How We Used Kibana to Dial in Our Configuration
The disadvantage of checking only the CPU was that at some tests, due to the heavy load that each workspace had, might have misleading results. Hence, we had to create a new index that will help us identify which configuration will reduce the CPU load, without taking into account the load of each workspace as each one was sending around 1000 messages. That new index we wanted to measure the amount of connections and disconnections, as that was the indicator that was causing us high CPU load. So, we enabled logging in RDS for
`log_disconnections` in RDS and we managed to expose cloudwatch to our Kibana so that to count the number of logs for the disconnections and connections with a dashboard in Kibana. Both disconnections and connections on every test/run were almost similar, so we decided to select disconnections for the index. Each test/run has a different number of workspaces, so in order to compare these numbers we divided the disconnections with the workspaces so to get an average of disconnections per workspace.
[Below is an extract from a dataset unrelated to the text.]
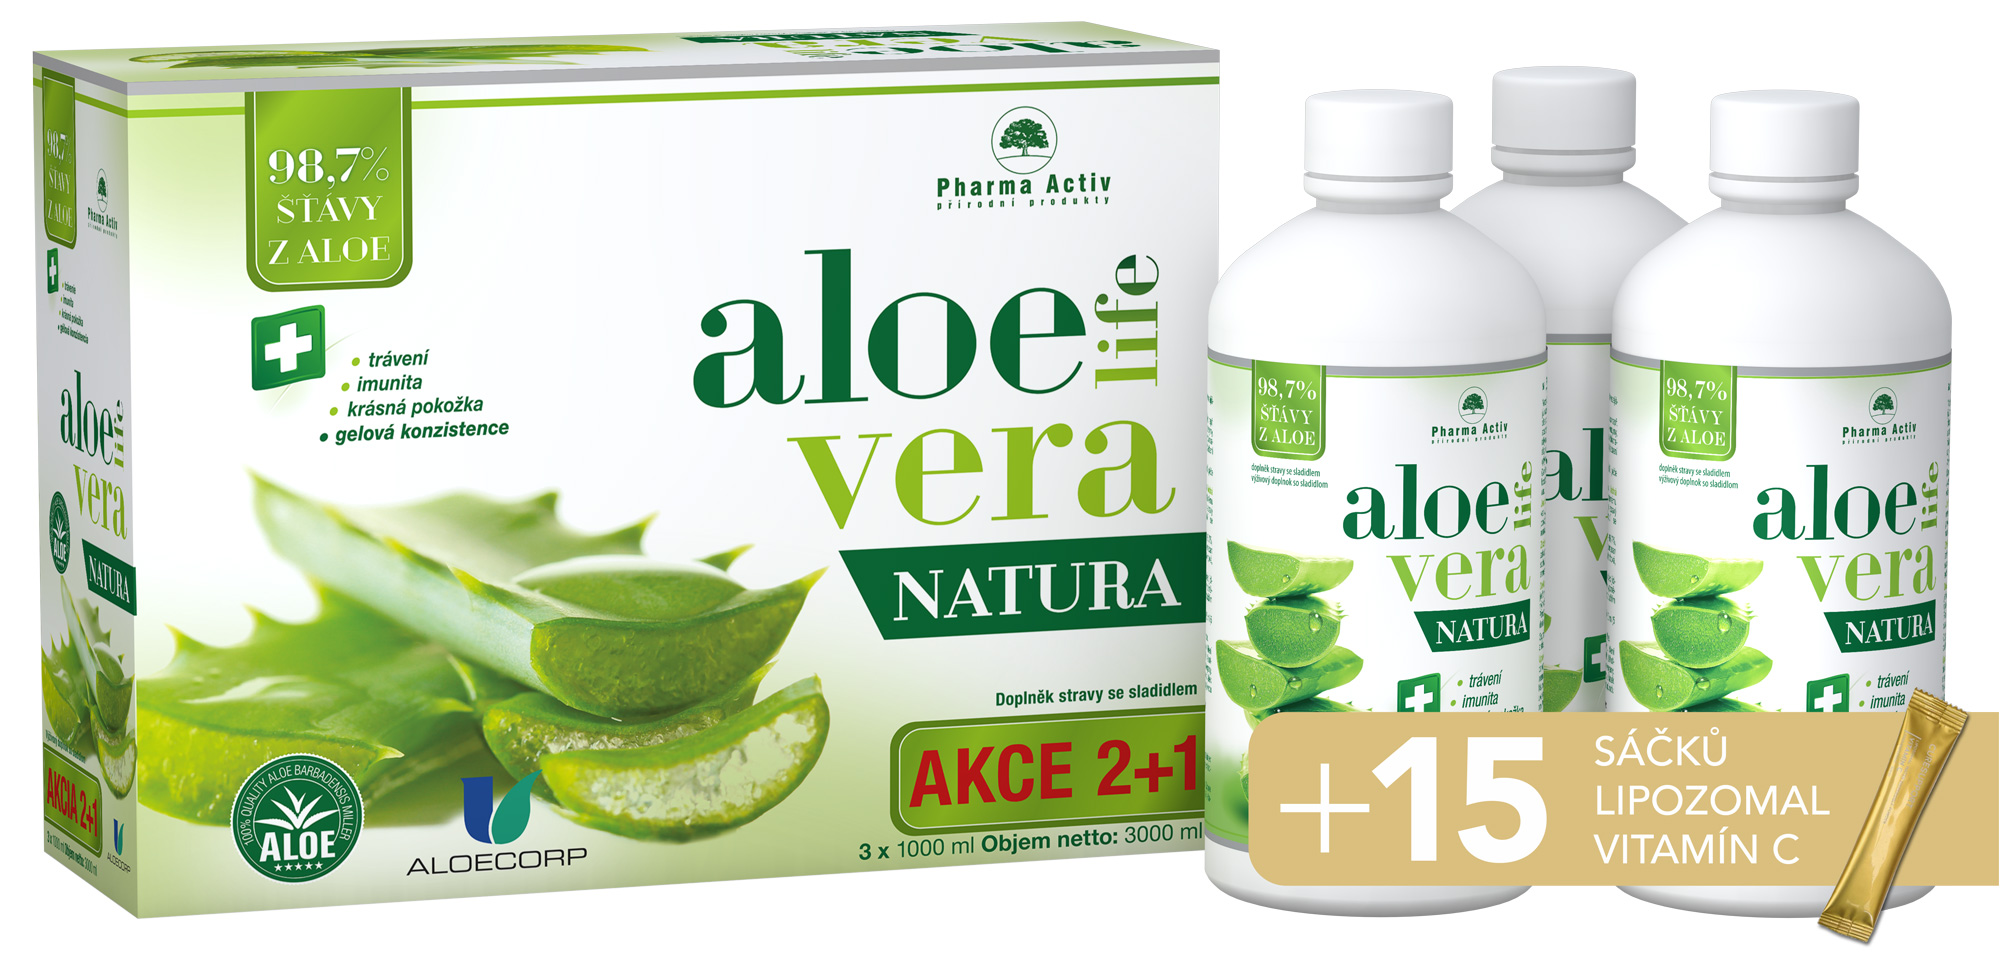 Zobrazit detail výrobku Pharma Activ AloeVeraLife Natura 2+1 1000 ml + Vitamín Lipo C 15 sáčků

The numbers on the right show the number of workspaces that exist in each logical database. So, no matter how many workspaces there are, the trends are clear, that when there are 2.5 physical connections per workspace, the disconnections per workspace minimize to almost 0. This means that when there is a logical database that has 20 workspaces, it should have more than 50 (20 multiplied with 2.5x) max connections per logical database. A different example is that when there are 50 workspaces, the max connections per logical database should be more than 125.
A second hurdle was to visualize the relationship between the number of workspaces per logical DB, the max connections per logical DB and the CPU load. So we decided to create a new index between the first two parameters, which will show how many physical connections will correspond to each workspace. Then it will be easier to compare CPU load with the new index physical connections per workspace.
On the graph above, the numbers on the right show the number of installations that exist in each logical database. The lines show a similar trend, as each line is an offset of the previous ones. This makes sense as in each line we have the same amount of workspaces and as we increase the workspaces (e.g., from 15 to 20) we create more load on the CPU, which explains that offset. The trends show that with more than 2.5-3 connections per installation, the CPU % usage starts to stabilize and not reduce any more. This, in accordance with the previous graph, shows that the high CPU load from 1 until the 2.5 physical connections per workspace is high due to the high amount of disconnections that the database has. After that point of 2.5 physical connections per workspace, the CPU does not reduce any further due to the load that is created from testwick as all the workspaces send 1000 messages which creates a lot of pressure into the database by itself.
It can be concluded from the graphs that having 2.5 physical connections per workspace is a safe choice for our environment in order to minimize the amount of disconnections/reconnections. But we need to keep in mind that these tests were using the workspaces at full load, by keeping sending 1000 messages every 0.5 second. So, we are thinking that we can still use 2 or even 1.5 physical connections per workspace as rarely there will be load on all workspaces simultaneously.